Storage tanks hold treated water at the Fukushima Daiichi nuclear power plant in Okuma, Fukushima prefecture, Japan, as seen on April 13. (KYODO NEWS VIA AP)

A decision by Japan to dump into the sea tons of contaminated water from the Fukushima nuclear power plant came under renewed opposition from environmental groups at a virtual international forum on Tuesday.

On April 13, the Japanese govt announced it would discharge the water from the tsunami-devastated Fukushima plant into the Pacific Ocean, in a phased release starting within two years

The groups, in a meeting coinciding with the 47th Session of the United Nations Human Rights Council, highlighted the impact on marine ecology and people's health from a release of the toxic water.

On April 13, the Japanese government announced it would discharge the water from the tsunami-devastated Fukushima plant into the Pacific Ocean, in a phased release starting within two years.

Xie Yuhong, vice-chairman of the All-China Environment Federation that hosted the event, said the online meeting was part of efforts to protect the environment and human health.

ALSO READ: S. Korea 'mulling consultations with Japan' over Fukushima plan

"We are dedicated to environment protection and connecting nongovernmental organizations for them to communicate," she said. "So we organized the event to gather international organizations to call on all sectors in Japan to focus on marine environment."

Shahriar Hossain, a member of the Steering Committee of the International POPs Elimination Network, said the release of radioactive water from the stricken nuclear plant would constitute a major form of marine pollution.

"Once in seawater, radiation can hurt ocean animals in several ways by killing them outright or passing radioactive material up the food chain," he said.

Cancer risk

"Radiation exposure can slightly increase a human's lifetime risk of developing cancer or kidney problems."

He said that people, now they are becoming aware of the threat, should "raise our voices to protect marine life and ban contaminated nuclear water dumping in bodies of water".

Song Ju-hee, of the Korean Federation of Environment Movement in South Korea, said civil society in the country has been calling on the government to stop all imports of Japanese marine products, while urging the authorities in Seoul to work on countermeasures to protect the domestic fishing industry.

"Civil society requires more effective and active action from the government," she said.

Xu Nan, a member of the Shanghai Rendu Ocean NPO Development Center in China, said that, as far as she knew, about 200 organizations in China have publicly opposed Japan's decision for the ocean release of the toxic water.

"Although we are from different nations, we share the same oceans.
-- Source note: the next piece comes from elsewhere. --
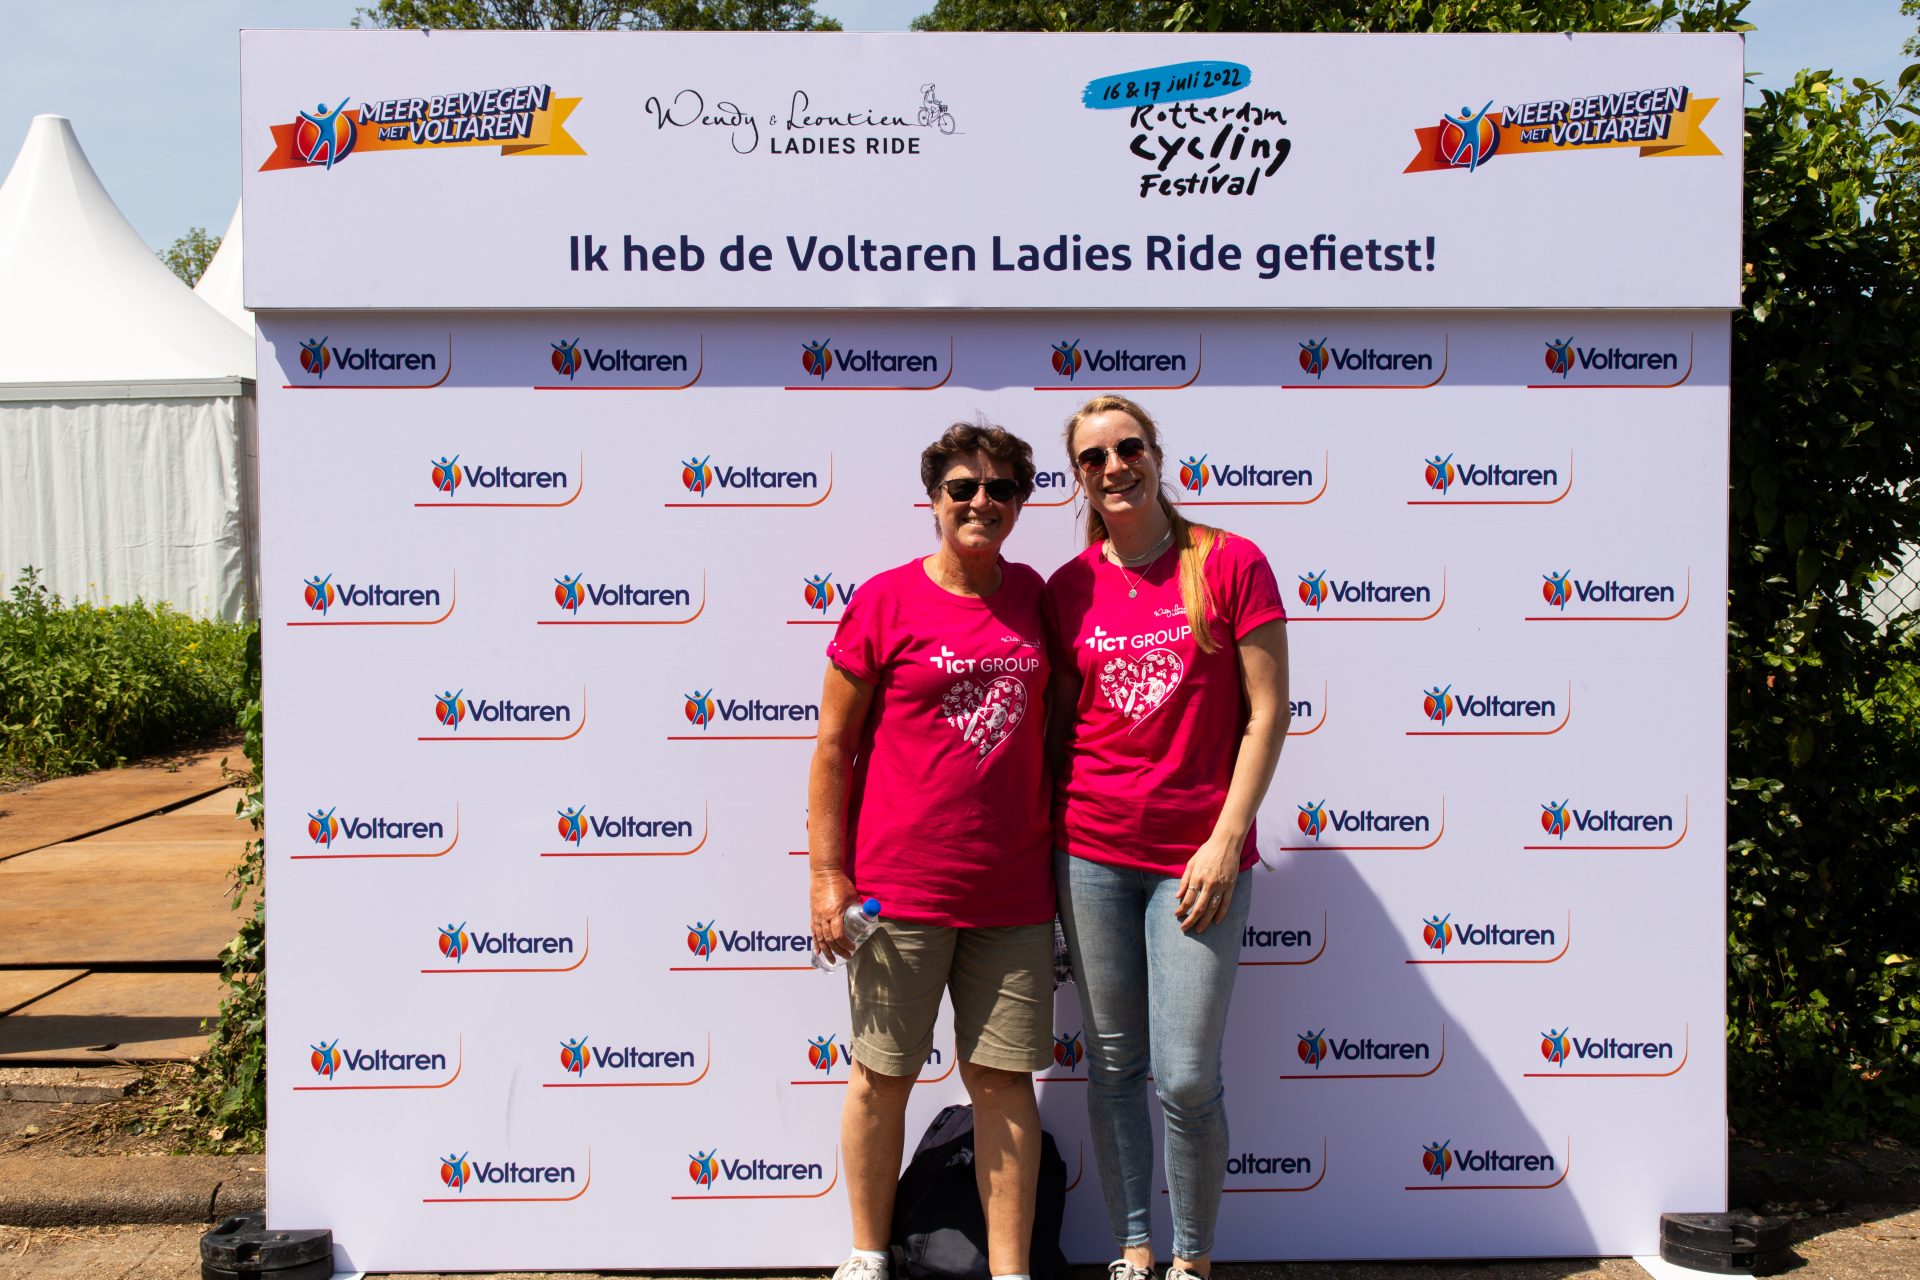 LADIES RIDE VOLTAREN BACKGROUND PHOTOS 54 of 64 Ladies Ride 2022

It is not responsible for a country to treat oceans as dumps," she said.

READ MORE: Alarm over Fukushima water mounts

Xie expressed the hope that Japan will abandon the controversial plan.

"We hope Japan carry out in-depth research on various safe disposal methods in a responsible attitude to its own people and the international community," she said.

"We also hope the country will disclose information and strictly abide by international standards. We would like to see more partners from the international community join in protecting oceans and public health."